Only the local peer can insert elements with its peer identifier as
the value of Creator, guaranteeing no key conflicts between remote
peers when adding new elements. When new elements are put into the
Hash Table, the change-lock for that element set to the adding
peer. Since the actual key used is Creator/Name pair and peer
identifiers are unique, any peer can add an element hashed to any
Name with itself as creator regardless of whether other peers
utilize the same Name.

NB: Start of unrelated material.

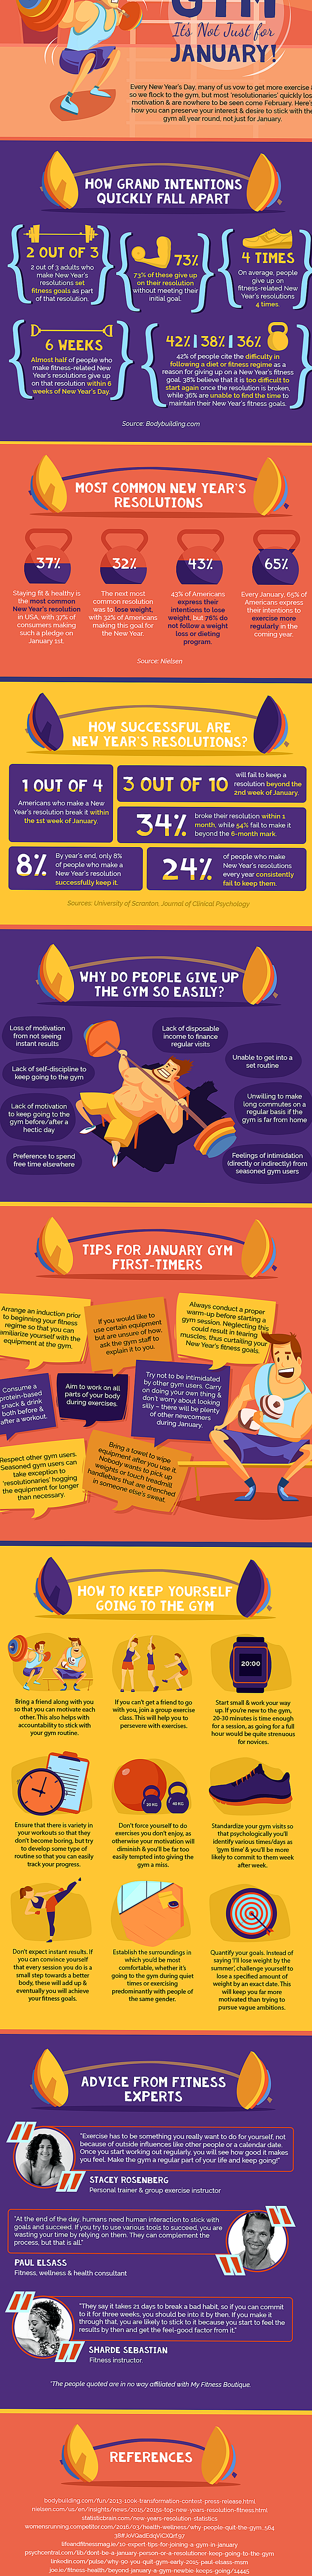 Infografía: consejos para ayudarlo a cumplir sus resoluciones de Año Nuevo relacionadas con la actividad física

Note that once created, the change lock for
elements created on a Peer can be transferred to any other
peer.
[0155] Note that there is a special value of Peer Identifier, SELF,
that is always normalized to be the local peer and is meaningful
even if the model is only resident on the local Computer/Device,
i.e. not replicated.
[0156] Due to the asynchronous nature of distributed multi-locked
models the following API would be appropriate for a distributed
synchronized hashtable:
[0157] Class Distributed Synchronized Hashtable:
[0158] void put(Peer creator, String name, Object value) throws
NotOwnerException;
[0159] void remove(Peer creator, String name, Object value) throws
NotOwnerException;
[0160] Peer getLockOwner (Peer creator, String name);
[0161] void get(Peer creator, String name);
[0162] void setLockOwner (Peer creator, String name, Peer
newChangeLockOwner) throws NotOwnerException
[0163] void addDistributedSynchronizedHashtableListener(String
name, DistributedSynchronizedHashtableListener listener);
[0164] void addDistributedSynchronizedHashtableListener(Peer
creator, String name, DistributedSynchronizedHashtableListener
listener);
[0165] Iterator getPeersWithCreatedEntries( );
[0166] Iterator getPeersWithLockedEntries( );
[0167] Iterator getNames( );
[0168] Iterator getPeersUsingName(String name);
[0169] Iterator getNamesCreatedBy(Peer creator);
[0170] Iterator getNamesLockedBy(Peer lockOwner);
[0171] Interface DistributedSynchronizedHashtableListener:
[0172] void elementAdded(DistributedSynchronizedHashtableEvent
evt);
[0173] void elementChanged(DistributedSynchronizedHashtableEvent
evt);
[0174] void elementRemoved(DistributedSynchronizedHashtableEvent
evt);
[0175] void
elementChangedLockOwner(DistributedSynchronizedHashtableEvent
evt);
[0176] Class DistributedSynchronizedHashtableEvent:
[0177] Peer getcreator( )
[0178] String getName( );
[0179] Object getvalue( )
[0180] Object getOldValue( )
[0181] Peer getLockOwner( )
[0182] Peer getOldLockOwner( )
[0183] Peer getChangedBy( )
[0184] Change messages that go over the propagation-Web with fields
corresponding to the fields of the
DistributedSynchronizedHashtableEvent that are not locally
available to the model receiving the change message.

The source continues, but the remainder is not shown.